畜牧兽医学报  2021, Vol. 52 Issue (8): 2093-2106. DOI: 10.11843/j.issn.0366-6964.2021.08.003    PDF    
引用本文
严雅瑶, 顾敏, 刘秀梵. HA蛋白位点变异影响H7N9亚型流感病毒特性的研究进展[J]. 畜牧兽医学报, 2021, 52(8): 2093-2106.  

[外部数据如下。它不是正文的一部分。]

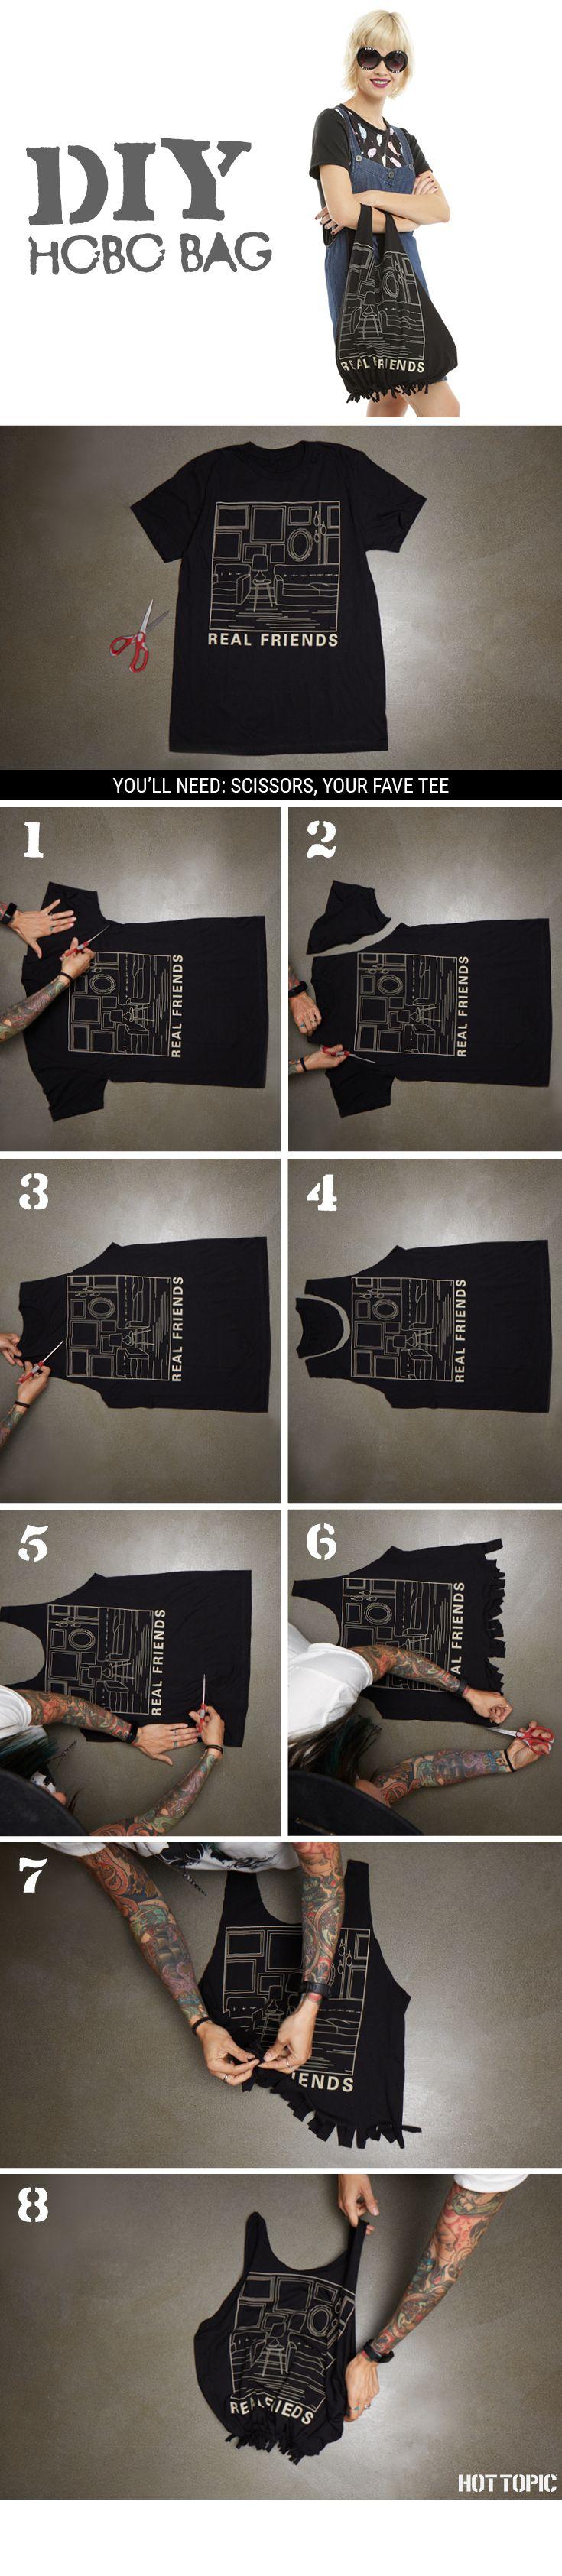 Bag envy. // DIY Hobo Bag                                                                                                                                                                                 More

YAN Yayao, GU Min, LIU Xiufan. Advance in the Influence of Amino Acid Variation in HA Protein on the Biological Properties of H7N9 Subtype Influenza Virus[J]. Acta Veterinaria et Zootechnica Sinica, 2021, 52(8): 2093-2106.  
HA蛋白位点变异影响H7N9亚型流感病毒特性的研究进展
严雅瑶1, 顾敏1,2,3, 刘秀梵1,2,3     
1. 扬州大学农业部畜禽传染病学重点开放实验室, 扬州 225009;
2. 江苏高校动物重要疫病与人兽共患病防控协同创新中心, 扬州 225009;
3. 江苏省人兽共患病学重点实验室, 扬州 225009
收稿日期:2020-12-28
基金项目:国家自然科学基金项目(32072892);现代农业产业技术体系专项(CARS-40);江苏高校优势学科建设工程资助项目(PAPD);江苏高校“青蓝工程”;扬州大学“高端人才支持计划”

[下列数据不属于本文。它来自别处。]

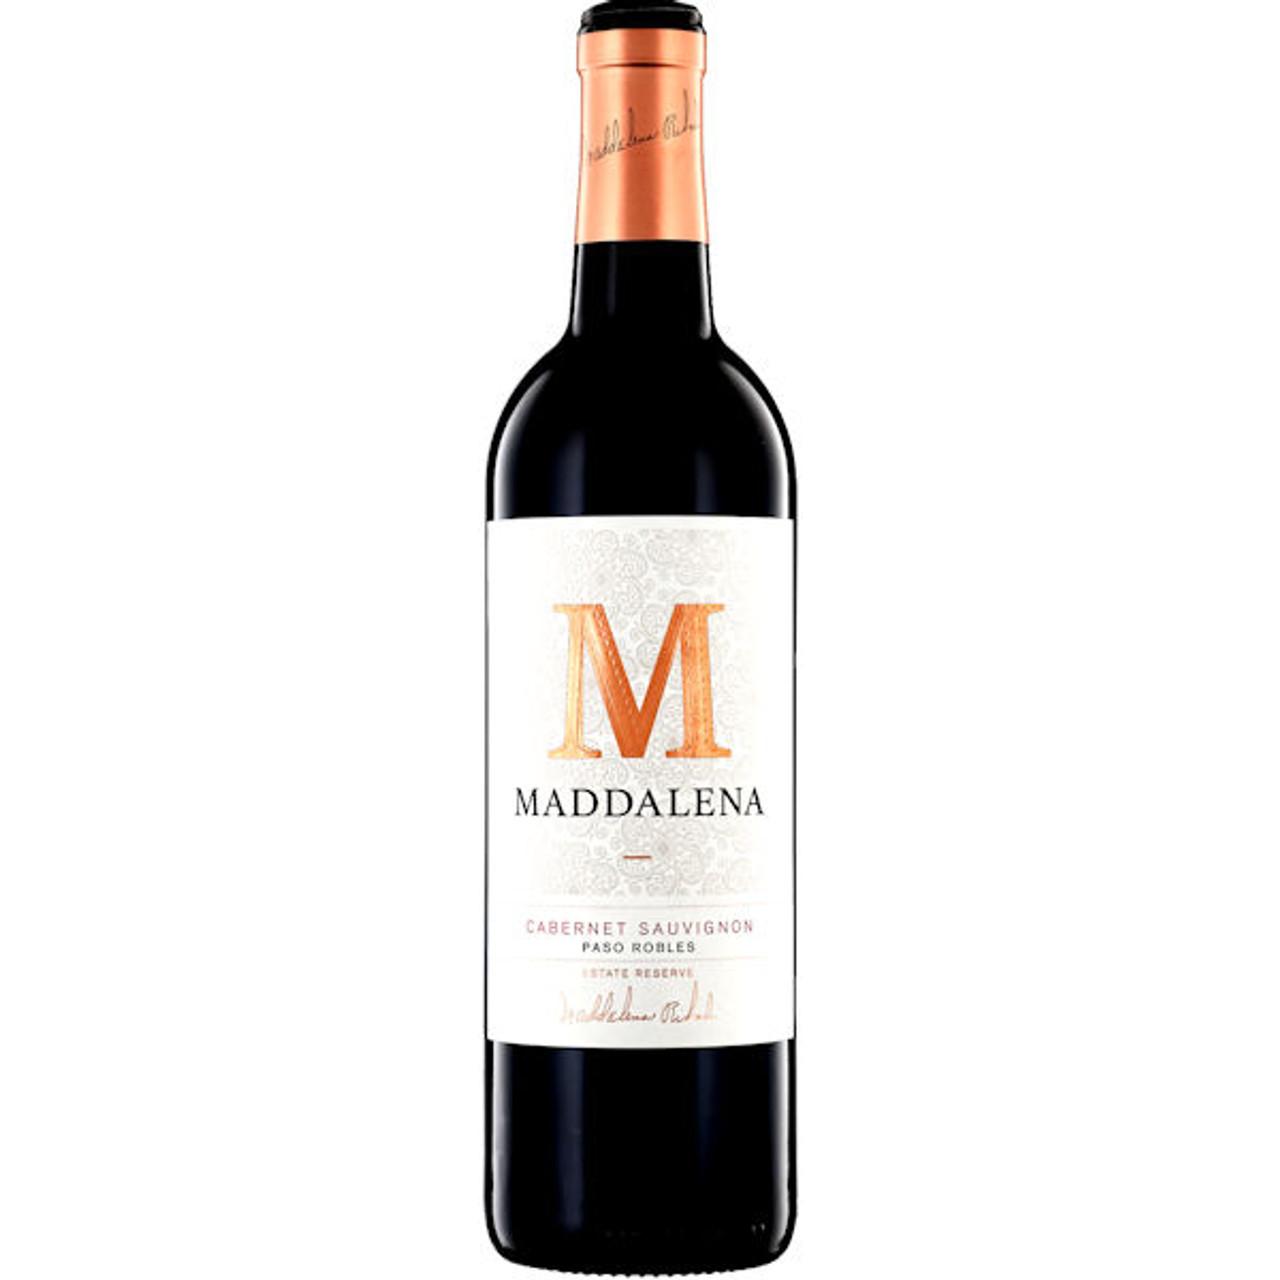 Maddalena Vineyard Paso Robles Cabernet

作者简介:严雅瑶(1997-), 女, 江苏南通人, 硕士生, 主要从事禽流感病毒致病机制研究, E-mail: 1425497758@qq.com.
通信作者:顾敏, 主要从事动物流感病毒研究, E-mail: gumin@yzu.edu.cn; Tel: 0514-87972247.
摘要:2013年春,我国首次出现人感染H7N9亚型禽流感疫情,对家禽养殖和公众健康均产生了严重危害,并且在第5波流行期又演变出血凝素(hemagglutinin,HA)蛋白裂解位点处存在插入突变的高致病性禽流感病毒株。HA作为A型流感病毒表面表达丰度最高的糖蛋白,在介导病毒与宿主细胞表面受体的结合、促进病毒囊膜与细胞膜的融合、刺激机体产生中和抗体等方面具有至关重要的作用。本文围绕H7N9病毒,简要综述了HA蛋白的结构与功能,及其关键功能氨基酸位点变异影响病毒生物学特性的研究进展,以期为深入解析HA蛋白在H7N9病毒感染致病中的作用提供重要参考。
关键词流感病毒    H7N9    HA蛋白    功能氨基酸位点    感染与致病    
Advance in the Influence of Amino Acid Variation in HA Protein on the Biological Properties of H7N9 Subtype Influenza Virus
YAN Yayao1, GU Min1,2,3, LIU Xiufan1,2,3     
1. Key Laboratory of Animal Infectious Diseases of Ministry of Agriculture, Yangzhou University, Yangzhou 225009, China;
2. Jiangsu Co-innovation Center for Prevention and Control of Important Animal Infectious Diseases and Zoonoses, Yangzhou 225009, China;
3. Jiangsu Key Laboratory of Zoonoses, Yangzhou University, Yangzhou 225009, China
Corresponding author: GU Min, E-mail: gumin@yzu.edu.cn; Tel: 0514-87972247.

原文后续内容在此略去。